Radioshow is а cult Lithuanian black comedy radio and TV show hosted by Algis Ramanauskas and Rimas Šapauskas. It is also the name of their humorous rock band. Radioshow has started at radio station Radiocentras in 1992. Later it has moved to the radio station Ultra Vires. In 1995 Radioshow debuted as a comedy puppet show on TV at LNK station. From 1997 till 1999 Radioshow was running at BTV TV station. In 2004 it briefly ran on Vilnius radio station Užupio radijas before being shut down, because of swearing on the air. However the show was immediately picked up by the regional radio station Vox Maris.

==Controversy==

Because of the constant taboo breaking, swearing and making fun of the symbols of national pride, Radioshow was often criticized by the conservative media and the older generation.

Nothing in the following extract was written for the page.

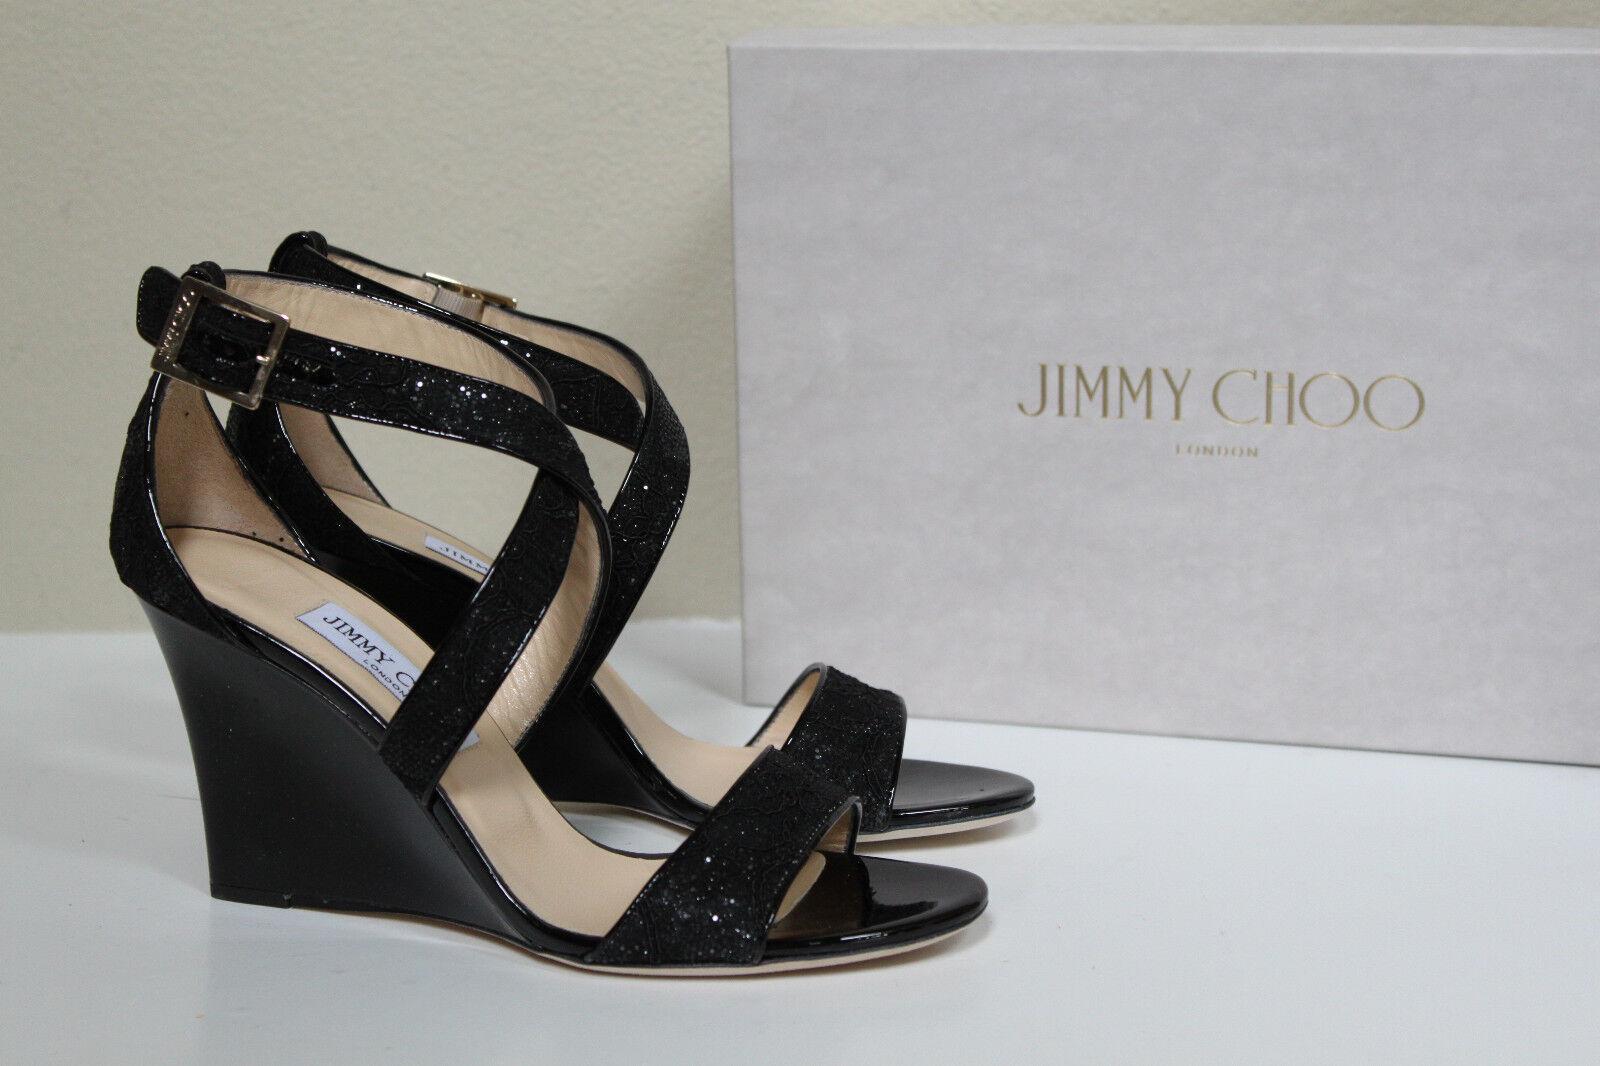 Talla 9 39 Jimmy Choo Fearne Fearne Fearne Brillo Encaje Negro Sandalia Peep Toe Zapato Cuña de patente  venta caliente

Music critic Viktoras Gerulaitis has stated, that "These guys are sowing the seed of Satan, and it seems there is no-one that could stop them". This quote was later sampled into the song by Algis Ramanauskas' band Svastikos Sukitės Greitai. It is ironic, that today Algis Ramanauskas is a member of the conservative Homeland Union party.
Another controversy was caused in 1995 by the obscene album Unplugged attributed to Radioshow. However Algis Ramanauskas denied his authorship and claimed, that it was a bootleg made by the imitators.

==Characters==

===Main characters===

==== Bronius====
Bronius is approaching retirement age and is full of sentiments to the Soviet era. He often refers to programming of the Russian TV and Belarusian radio and television. He is annoyed by modern Lithuania - he has some command of English but uses it mostly to communicate disgust with all things Western. Bronius has a dirty mind and a dirty mouth and enjoys sexual innuendo and filthy fantasies, particularly those involving TV celebrities, which he describes with considerable inspiration and lewd detail. Bronius is a character voiced by Algis Greitai.

==== Česlovas====
Česlovas is a former teacher. Česlovas' looks resemble former speaker of the Lithuanian Parliament social democrat Česlovas Juršėnas. This character is married and has two daughters (Sigutė and Akvilė), but despite that he often displays random acts of latent homosexuality, as the most of Radioshow characters do. Česlovas is voiced by Rimas Šapauskas.

==== Albinas====
Albinas, also referred to as Senis (Old man), is a 100-year-old man of far-right nationalistic beliefs. His claim that he was born in the mountains of Scotland is a reference to the TV series The Highlander. Albinas makes frequent references to his pre-war memories.

==== Zbygniewas====
Zbygniewas is a character of Polish ethnicity, speaking Lithuanian with a heavily inflicted Russian accent. Zbygniewas claims to hail from Nemenčinė, a town near capital Vilnius with large predominance of Polish, Belarusian and Russian population. In his younger days he was a hippie and used to read Kafka. His career included a stint at as a communal heating boiler attendant, a choice occupation for rebellious intellectuals in the former Soviet Union, and also at a mortuary, which involved a sexual encounter with a dead female body, which Zbygniewas discusses with great reluctance. He is voiced by Algis Ramanauskas-Greitai.

====Igorj====
Russian speaking character voiced by Rimas Šapauskas.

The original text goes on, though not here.